You can reduce plagiarism by:
- Not only allowing, but requiring students to use other sources prior to turning in their assignments—peer review, peer editing, writing center visits, meetings with librarians to discuss finding and citing sources;
- Giving students models of good papers, as well as models and examples of proper citation format;
- Making students turn in all drafts of writing assignments;
- Requiring that students turn in copies of the first pages of sources cited (not abstracts);
- Creating assignments that require individual analysis or evaluation, which make it harder to plagiarize;
- Asking students, early in the semester, to produce an in-class writing sample of several sentences or paragraphs.
Prevent cheating by:
- Calling for laptops down, all cell phones, iPods and listening devices off and out of ears during exams, quizzes, in-class writing assignments, etc.;
- Giving different tests to different sections—slightly vary questions or vary the order;
- Remaining present during significant portions of exams and quizzes;
- Using exams and quizzes that require critical thinking, analysis or evaluation, and individual reflection.
Steps to Reporting Academic Misconduct:
- Gather all evidence to support the allegation, such as photocopying similar exam answers, photocopying or printing excerpts from original documents that have been copied, etc.
- Faculty member may call the Dean of Faculty’s office or consult with the Associate Dean of Faculty on possible actions to take without disclosing the student’s name.
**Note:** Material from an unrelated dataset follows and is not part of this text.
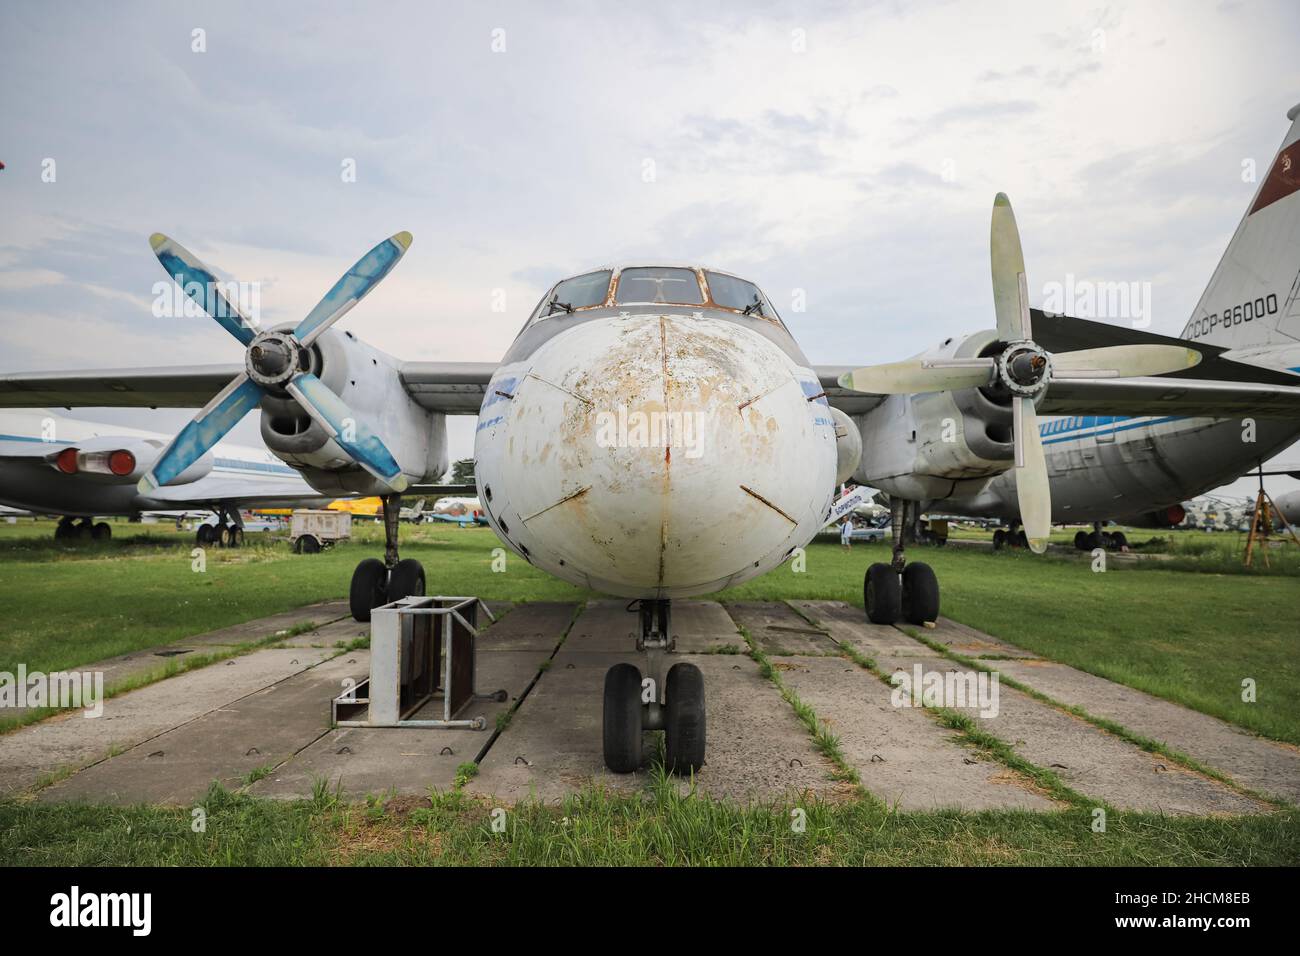 KIEV, UCRAINA - 01 AGOSTO 2021: Uhuru Airlines Antonov AN-26 esposto al Museo dell'Aviazione statale di Oleg Antonov Foto Stock

Faculty may also consult other colleagues without disclosing the student’s name.
- Fill out the Academic Misconduct Incident Form and make three copies.
- Confront and talk to the student about the misconduct, and give them a copy of the incident form. Keep a copy for your records.
Submit a copy of the form to the Associate Dean of Faculty along with the evidence you have collected supporting the allegation.
For a more detailed reporting procedure and information, consult the Judicial Procedures for Academic Misconduct in “To The Point.”
Faculty need to document everything—even the informal interactions with students—with the Provost’s office.
- Faculty may consult with fellow faculty members or their department chairs to discuss how to handle alleged cases of academic misconduct but must not disclose the student’s name to anyone except the Provost or Associate Deans.
- Faculty are strongly encouraged to contact the Associate Dean of Faculty Services or the Associate Dean of Faculty to discuss incidents of academic misconduct and discuss possible courses of action.
- Faculty may not disclose the student’s name to the Provost or Associate Deans during the consultation phase to determine if previous acts have been committed before assessing a penalty: any decision they make about assessing in-class penalties or requesting a hearing should be made without knowledge of a student’s prior history. If the Provost reviews the student’s records and decides further action is appropriate, he/she will request an Academic Judicial Board hearing.
- Faculty must speak with the student prior to formally notifying the Provost’s office by submitting.the academic misconduct incident form. If the student is notified in writing – for example, by giving them the form below, it may be in person, by certified mail or by email IF the faculty member labels it “highest priority” and turns on the “notification” option so when it is opened, the sender is notified.